На обратном пути, в Голландии, посол соблазнял и тамошних купцов русскими товарами. Проверил поставки изразцов для Санктпитербурха. В Лейдене навестил сына, похвалил за хорошие успехи.
– Вижу, растет помощник мне… Я первый в роду дипломат, но авось не последний.
Фортуна, благосклонная к России на севере, лишила милости на юге, – султан, побуждаемый Карлом, англичанами, французами, нарушил мир. В июле русская армия, перешедшая через Прут, изнуренная степной жарой и безводьем, очутилась по вине фальшивого союзника, молдавского господаря, в ловушке, в кольце огромных турецких полчищ. Царю и Екатерине, не разлучавшейся с ним в походах, грозил плен. Пришлось подписать капитуляцию, отдать султану Азов, низовья Днепра.
Целебная вода Карлсбада не унесла всю горечь поражения, не долечила усилившееся нездоровье царя. В Торгау он явился непривычно угрюмый и словно постаревший. Не стало того свадебного обер-маршала, который в Санктпитербурхе ошеломлял гостей потешными выдумками.

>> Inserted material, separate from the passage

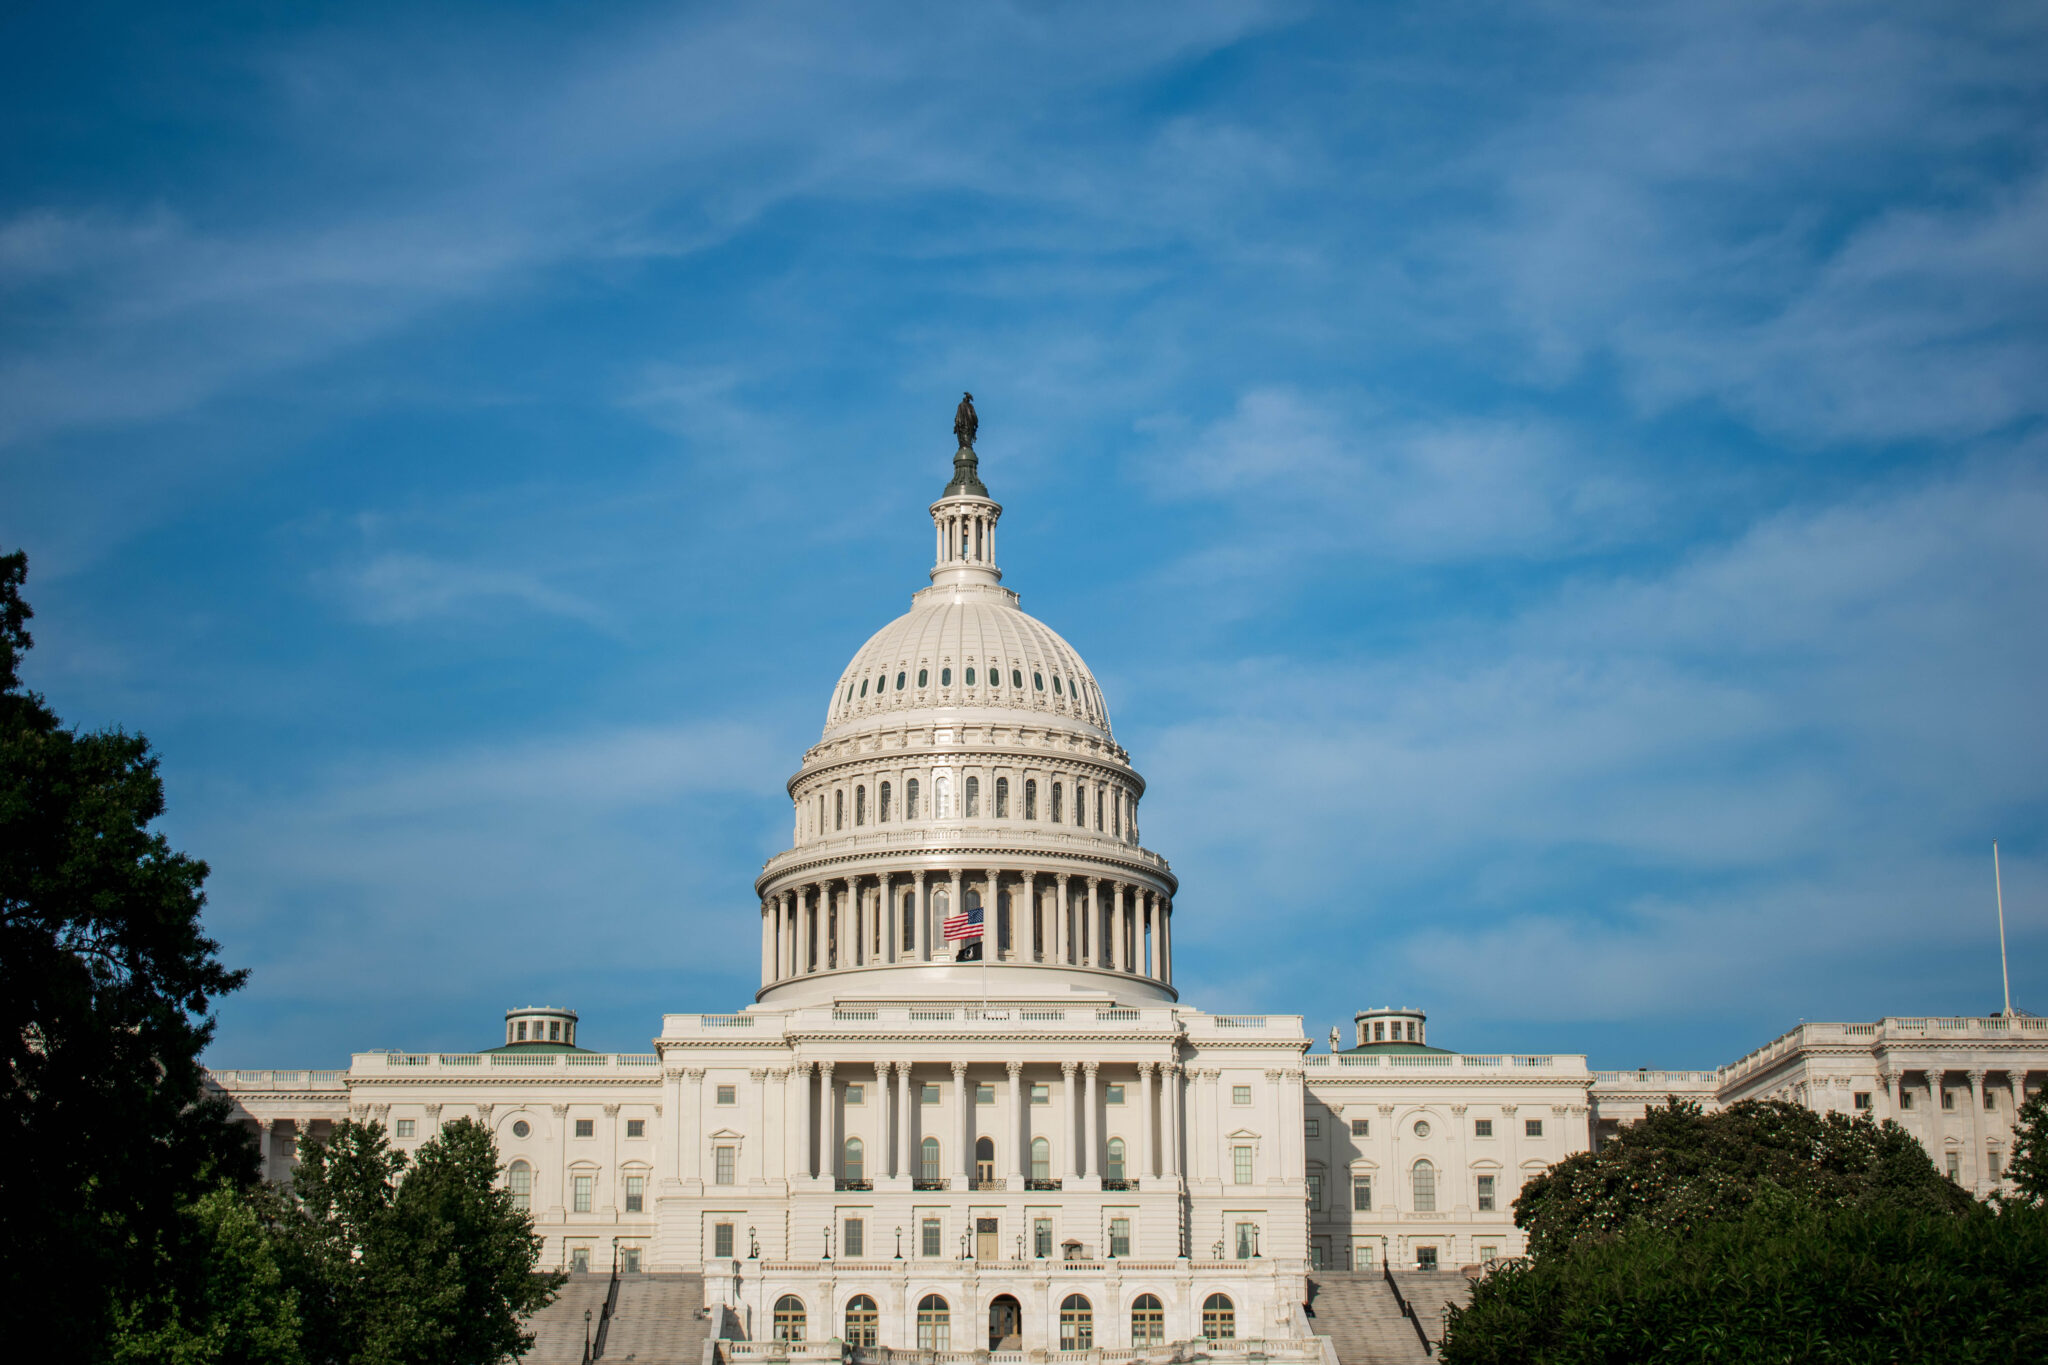 The US Oncology Network Welcomes the 118th Congress
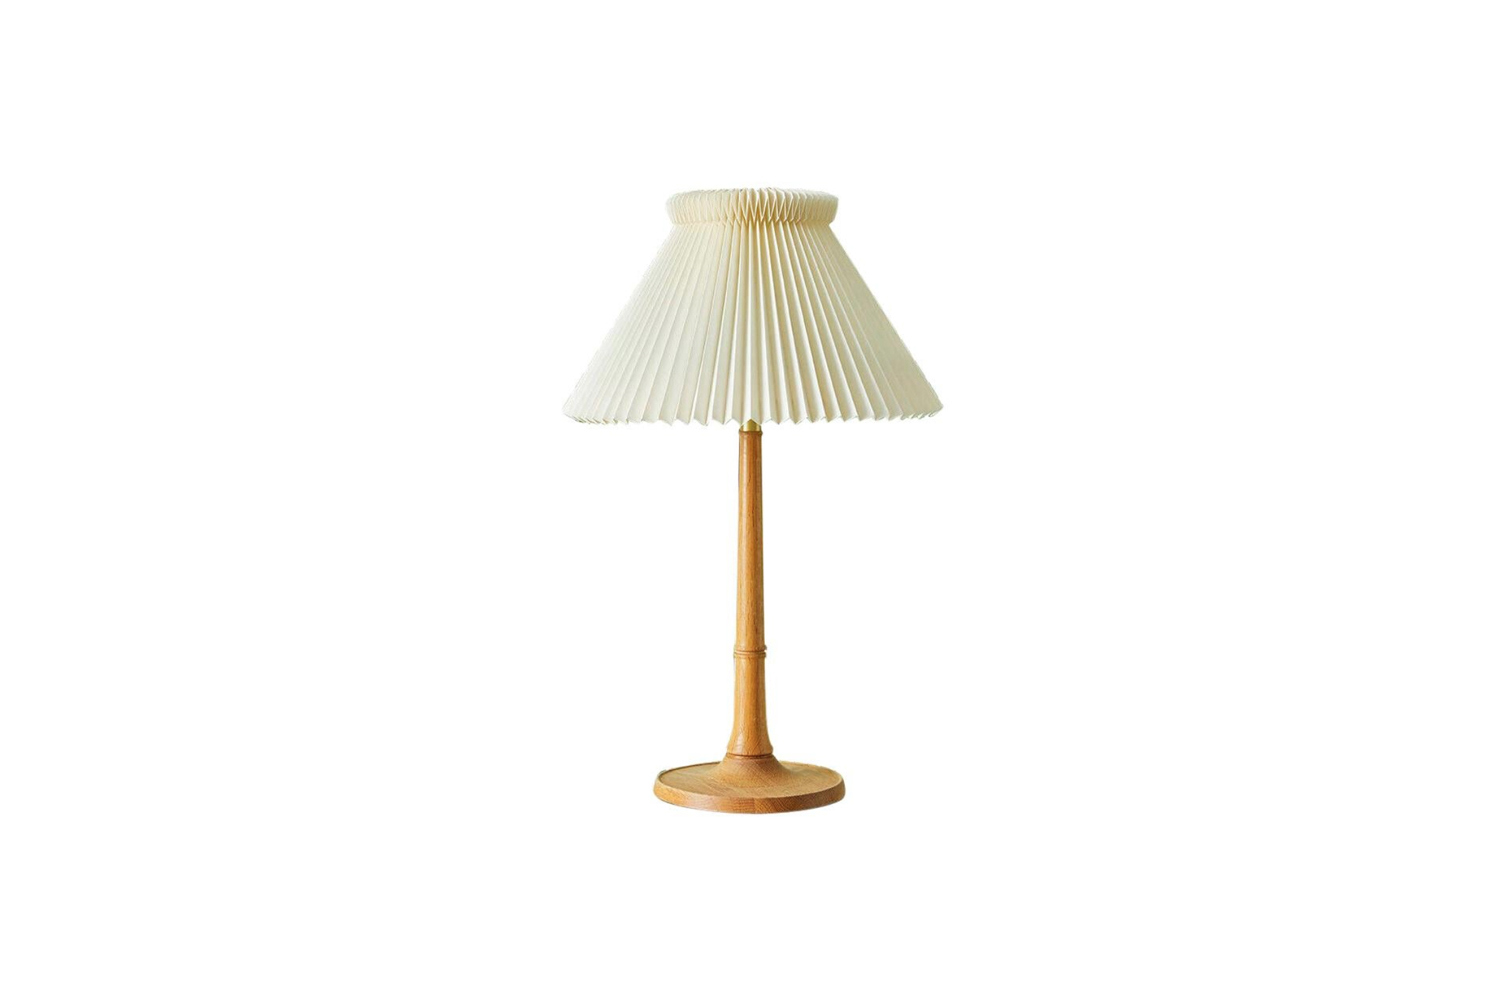 on the table is the vintage le klint oak table lamp, available for  alt=

– Одно хорошо, – сказал Куракину генерал Яков Брюс, – мы избавлены здесь от мерзкого зрелища танцующих уродцев и от безмерного пьянства.
Брюс – старый приятель, славный рубака и чернокнижник. Так их всех прозвали в Москве – членов общества Нептуна, собиравшихся у телескопа в Сухаревой башне, куда Бориса по незрелости лет не допускали.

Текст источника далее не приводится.